Ее обняли крепко сильные руки, ее обожгли горячие поцелуи, и незнакомый голос проговорил:
— Голубушка! Так ты ждала меня. Что батюшка?
Ахнула тихо Милуша и вырвалась из объятий, как ужаленная. Он что-то спрашивал еще, сбросил шубку... Люди сошлись на голоса и огня принесли, но Милуша уже убежала. А приехавший князь Данило, снимая саблю и заряженные пистолеты, искал глазами сестру свою...
— Как ты выросла! Фимочка! Да где же она? Убежала к батюшке...
В доме поднялась суматоха.
— Князинька! Князинька приехал! Данило Родивоныч!!!
Все заходило ходуном в доме, старики вышли в залу, и князь Данило уже обнимался с отцом. Дворня сбежалась в дом и, не смея войти в залу, совала во все двери лохматые головы и заспанные лица.
— Разбудите Фимочку, — приказал Родивон Зосимыч.
— Я уж с нею расцеловался, она первая встретила меня, — сказал Данило.
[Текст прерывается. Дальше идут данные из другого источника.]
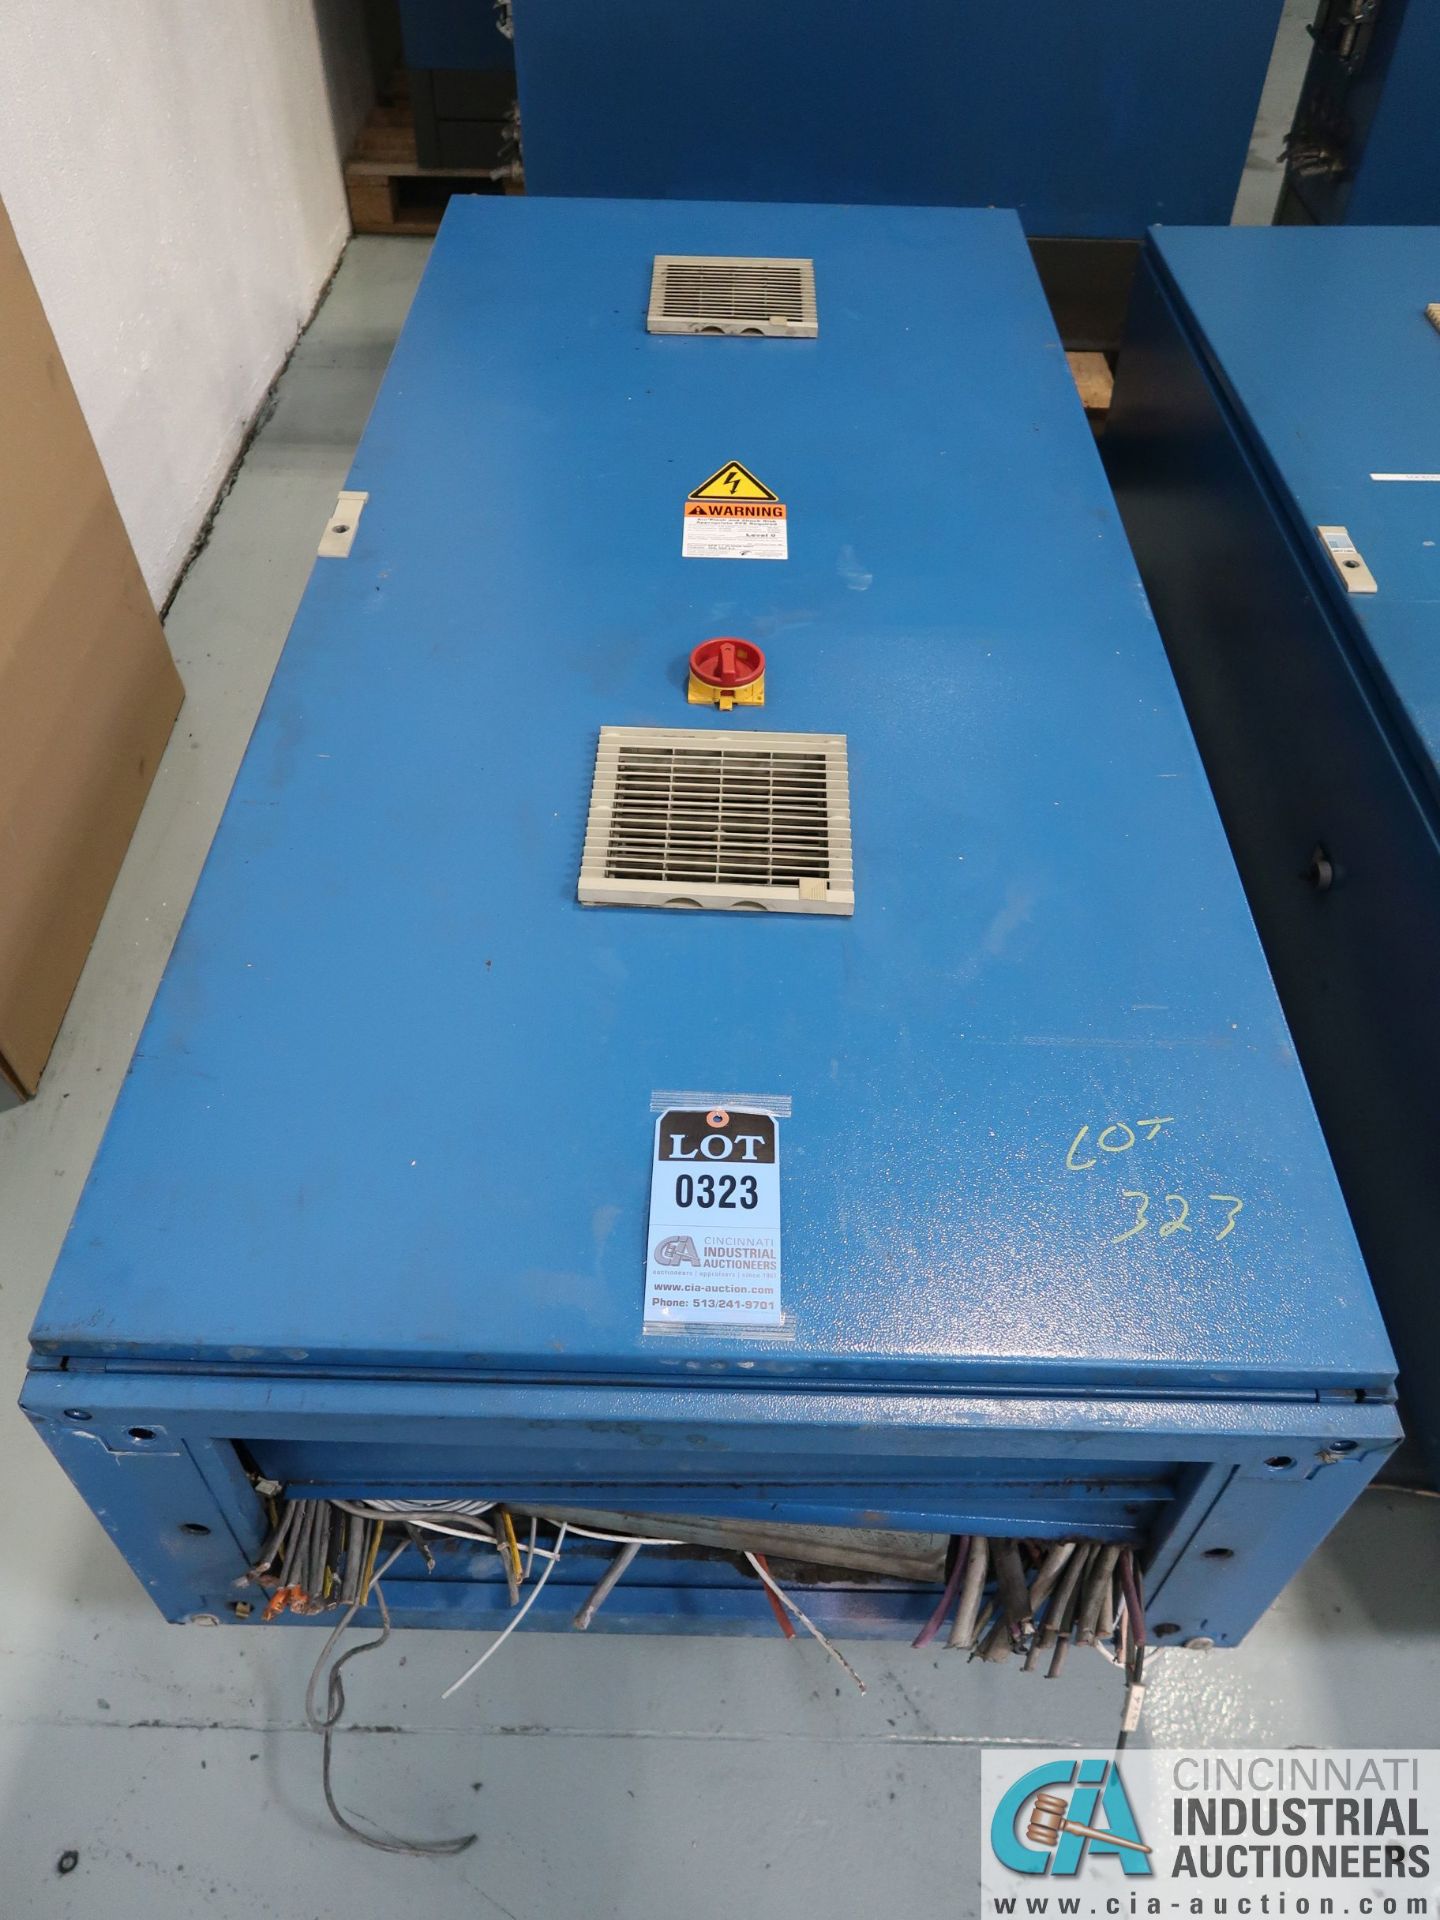 RITTAL SINGLE-DOOR ELECTRICAL MACHINE CONTROL CABINET WITH ELECTRICAL COMPONENTS; 16" X 32" X 72"

Наверху, в угольной комнате, сидела у себя на постели Милуша, румяная и взволнованная. Она едва переводила дух, стрелой вбежав по лестнице, и часто проводила рукой по лицу, где горели полученные поцелуи и словно сжигали щеку и губы ее. Она дрожала слегка, то смеялась, то охала, и все водила рукой по пылавшему лицу, все стирала эти горячие поцелуи чужого человека... И чудное дело! Эти поцелуи пронизали ее, проливались на сердце, разливались теплою струей по всему телу ее, и вся она трепетала, как подстреленная голубка. Снизу долетал шум, гул всеобщего говора... Звали княжну, звали дворецкого, приказывали ужин, бегали, толкались, хлопали дверями, кто-то упал, кто-то обругал кого-то... И все шумело, все толпилось, все кричало...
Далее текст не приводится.